Histopathology Department, St James's Hospital, Dublin 8, Ireland.
Oncology Department, St James's Hospital, Dublin 8, Ireland.
Histopathology. 2024 Jan;84(2):399-401. doi: 10.1111/his.15079. Epub 2023 Oct 25.
Large B-cell lymphoma with IRF4 rearrangement (LBCL-IRF4) is a recently described entity included in the revised 4th edition of the WHO Classification of Haematolymphoid Tumours (2017). Here we highlight the difficulties in classification of those cases which arise in adult patients with unusual clinical features.
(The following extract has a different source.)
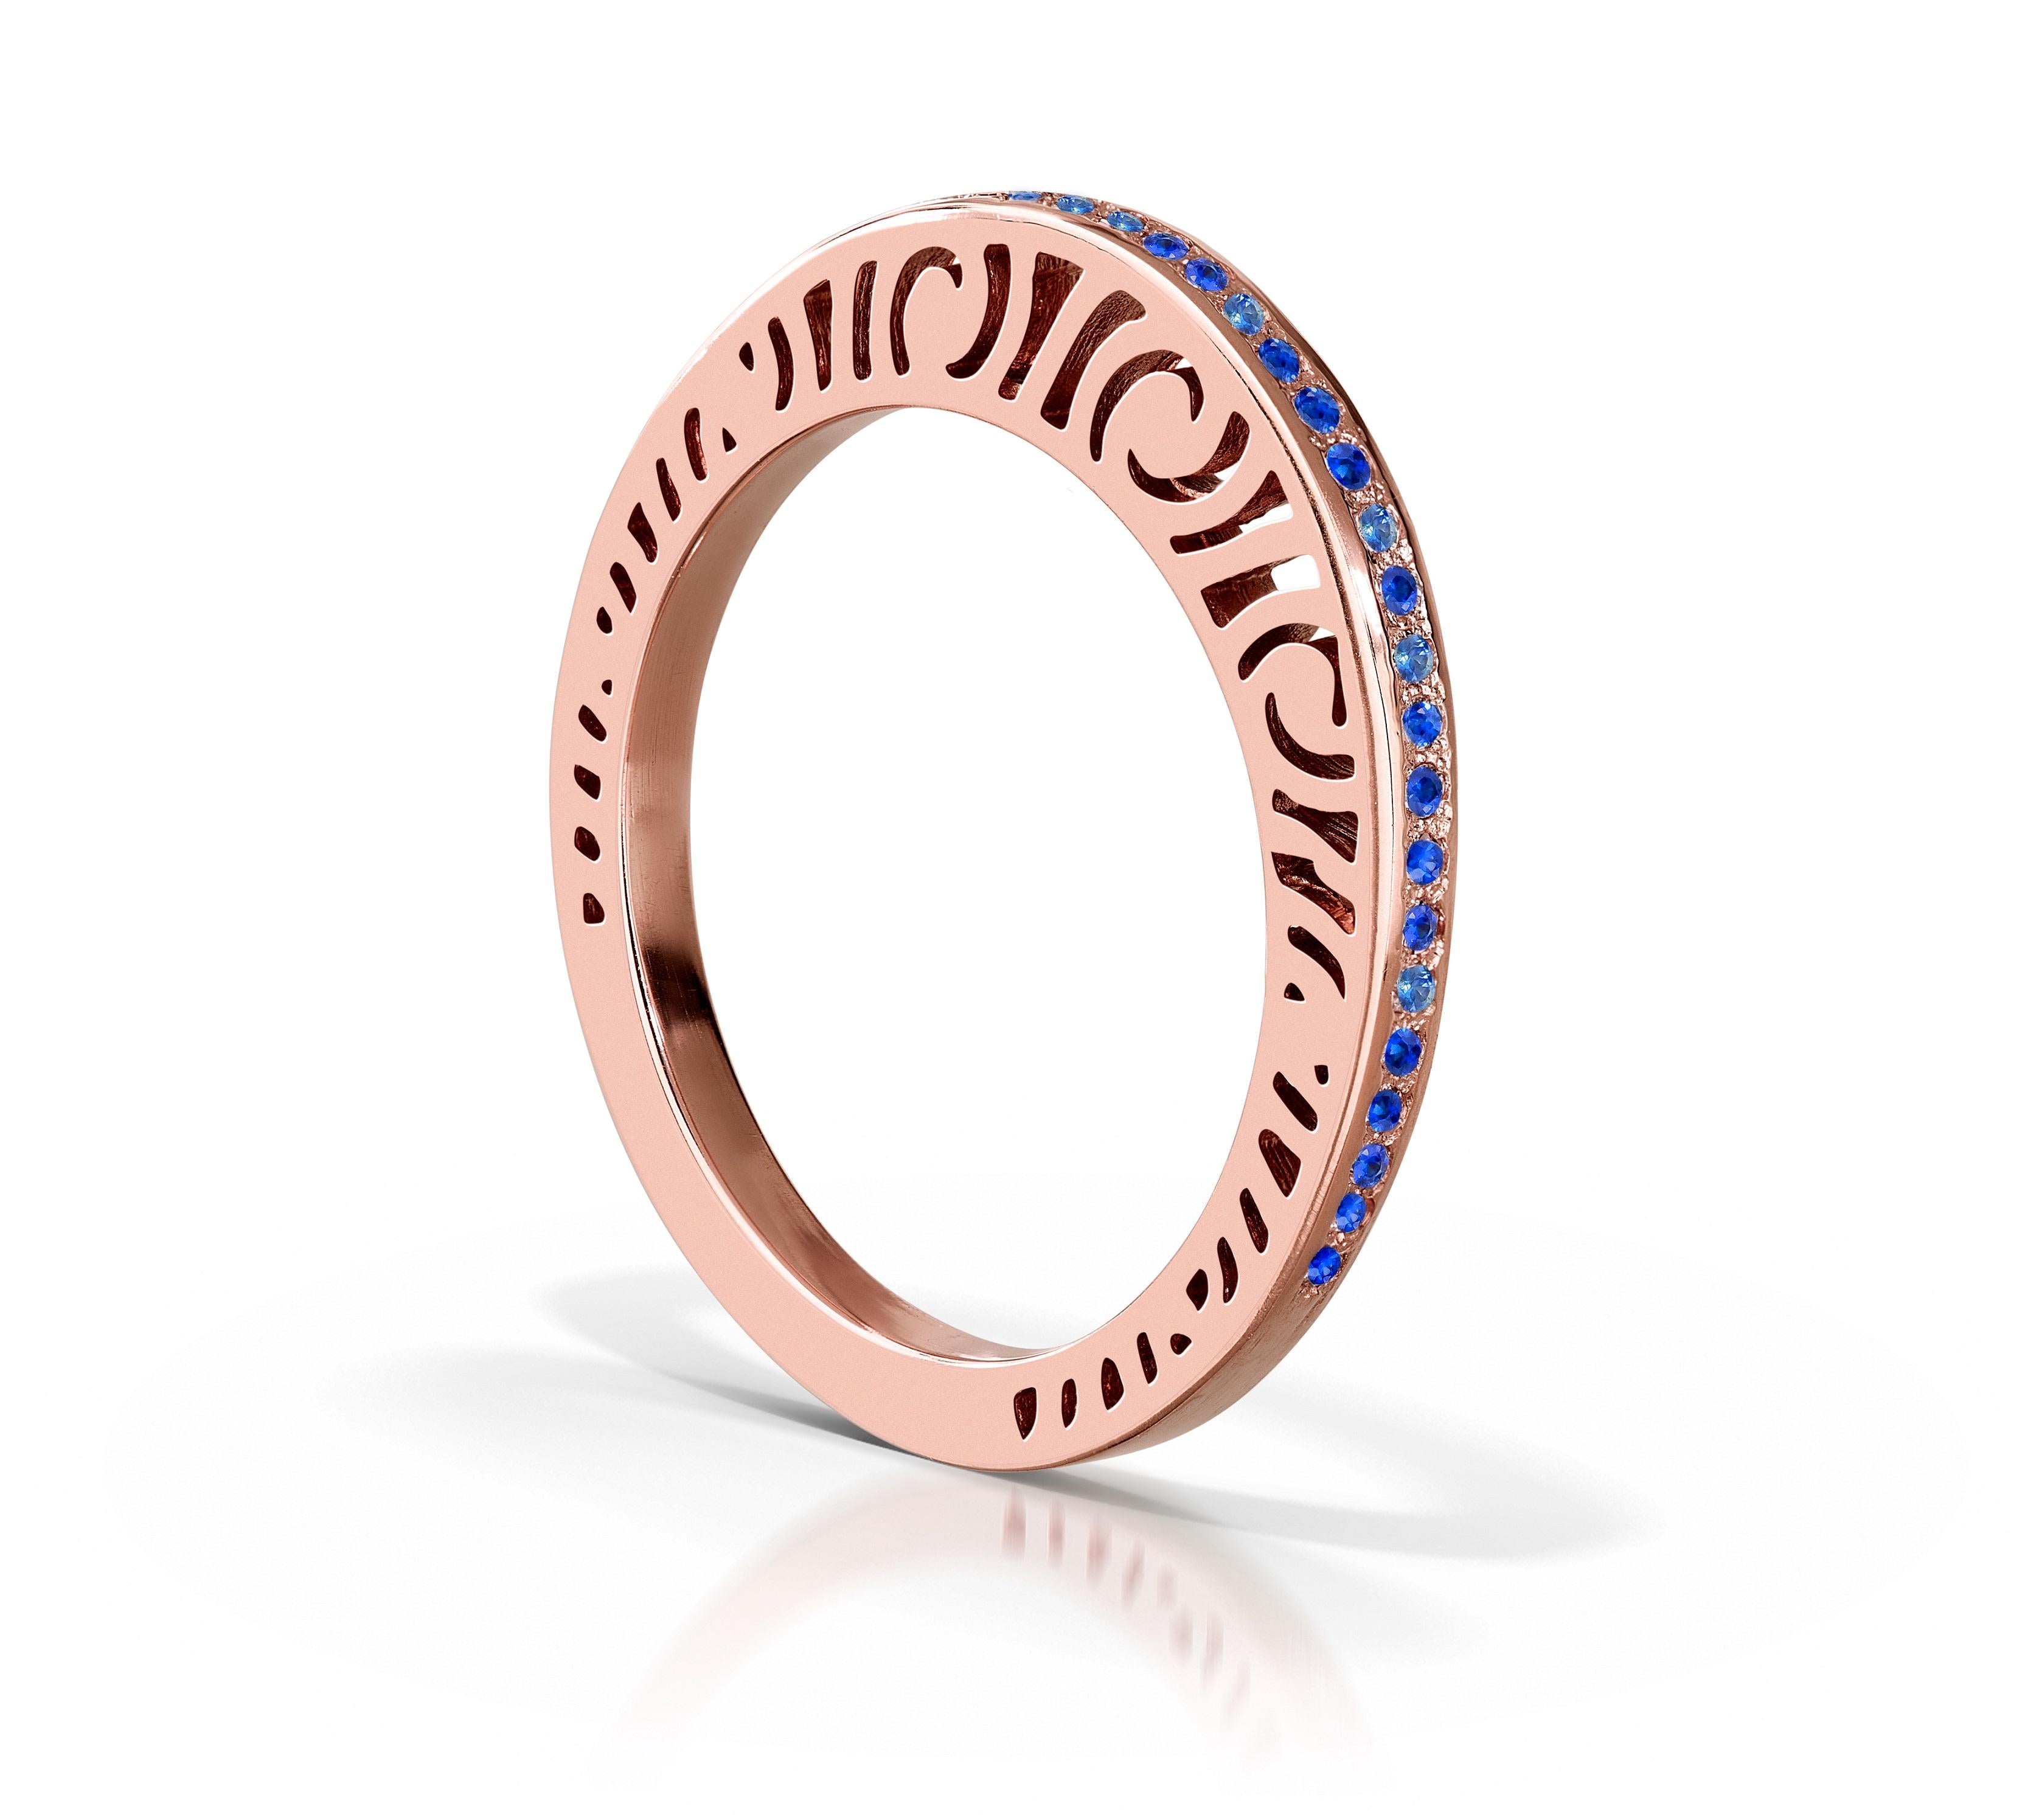 The thinnest of the Shooting Star's ring collection is the Orion Stacking Ring. It is 2 mm wide and features yellow gold with diamonds or gold with sapphires. The Orion ring is sleek, modern and bold in it's simple shape. It has thirty-three 0.9mm

We present three cases with morphological and immunohistochemical features consistent with large B-cell lymphoma arising in adult patients, which were found to have isolated IRF4 rearrangements on FISH analysis. Each patient presented with advanced-stage disease and had a history of immunosuppression; clinical features that are not typical of LBCL-IRF4 and which make the distinction from DLBCL, not otherwise specified (NOS) challenging.
We propose that the clinical boundaries of LBCL-IRF4 arising in adult patients need further delineation to allow distinction from true cases of DLBCL, NOS.
伴有 IRF4 重排的大 B 细胞淋巴瘤(LBCL-IRF4)是最近描述的一种实体,被纳入修订版的 2017 年世界卫生组织血液淋巴肿瘤分类。在这里,我们强调了在具有不典型临床特征的成年患者中出现的那些病例在分类方面的困难。
我们展示了三例具有形态学和免疫组织化学特征的大 B 细胞淋巴瘤,这些肿瘤发生在成年患者中,经 FISH 分析发现存在孤立的 IRF4 重排。每位患者均表现为晚期疾病,且有免疫抑制病史;这些临床特征不典型,与非特指性弥漫性大 B 细胞淋巴瘤(DLBCL-NOS)的区分具有挑战性。
我们建议进一步划定成人 LBCL-IRF4 的临床界限,以区分真正的 DLBCL-NOS 病例。